Management of Ankyloglossia and Breastfeeding Difficulties in the Newborn: Breastfeeding Sessions, Myofunctional Therapy, and Frenotomy

1Service of Oral and Maxillofacial Surgery, Hospital de Nens de Barcelona, Barcelona, Spain
2Service of Pediatric Dentistry, Hospital de Nens de Barcelona, Barcelona, Spain
3Department of Oral and Maxillofacial Surgery, Faculty of Dentistry, Universitat Internacional de Catalunya, Barcelona, Spain
4Service of Speech and Orofacial Myofunctional Therapy, Hospital de Nens de Barcelona, Barcelona, Spain
5Service of Pediatrics and Service of Human Lactation, Hospital de Nens de Barcelona, Barcelona, Spain
6Department of Oral and Maxillofacial Medicine and Oral Public Health, Faculty of Dentistry, Universitat Internacional de Catalunya, Barcelona, Spain

Received 21 June 2016; Accepted 8 August 2016

Academic Editor: Isolina Riaño Galán

Copyright © 2016 Elvira Ferrés-Amat et al. This is an open access article distributed under the Creative Commons Attribution License, which permits unrestricted use, distribution, and reproduction in any medium, provided the original work is properly cited.

Abstract

The problems of suction in newborns give rise to multiple consequences for both the mother and the newborn. The objective of this paper is to present a case of ankyloglossia (“tongue-tie”) and the suction problems that were treated by a multidisciplinary team.

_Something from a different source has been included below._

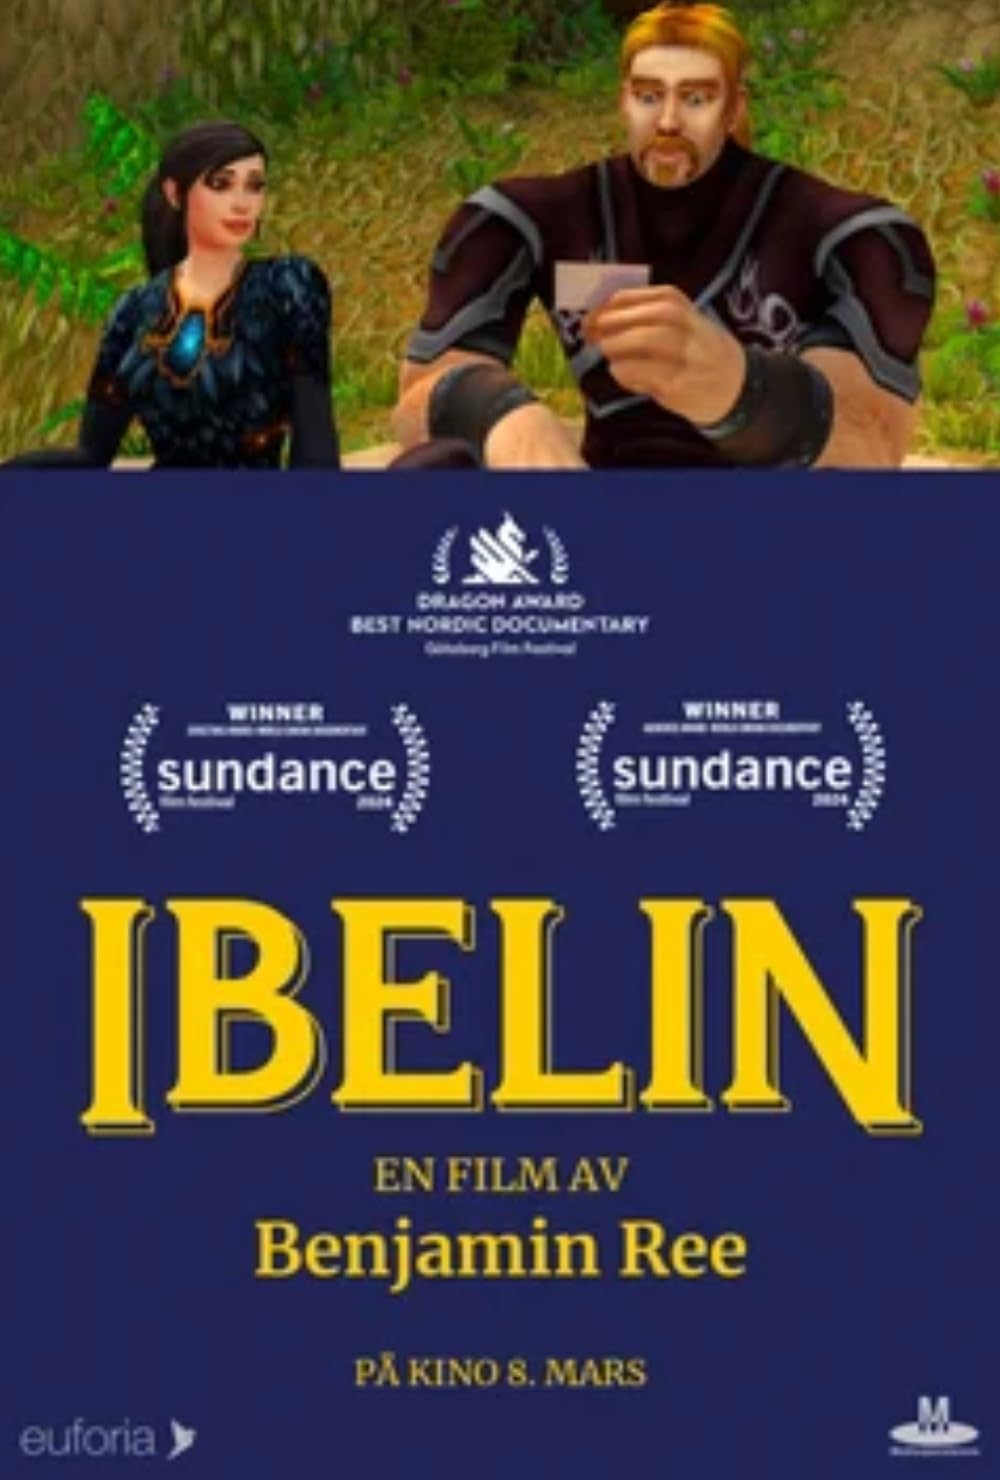 OTR International Film Festival Presents Ibelin

The subject is a 17-day-old male patient, with ankyloglossia and suction problems during breastfeeding (pain in the breastfeeding mother, poor weight gain, and long breastfeeds). The patient followed the circuit established in our centre between the services of Oral and Maxillofacial Surgery and Breastfeeding and Speech Therapy and Orofacial Rehabilitation (CELERE). The evolution following the breastfeeding sessions, the myofunctional stimulation, and the lingual frenotomy was very favourable, thereby solving the suction problems that the newborn presented. All our patients receive breastfeeding sessions and myofunctional therapy as treatment. We know that a frenotomy is not always necessary and we believe that the stimulation of sucking before and after the surgical intervention is important in order to improve the final result.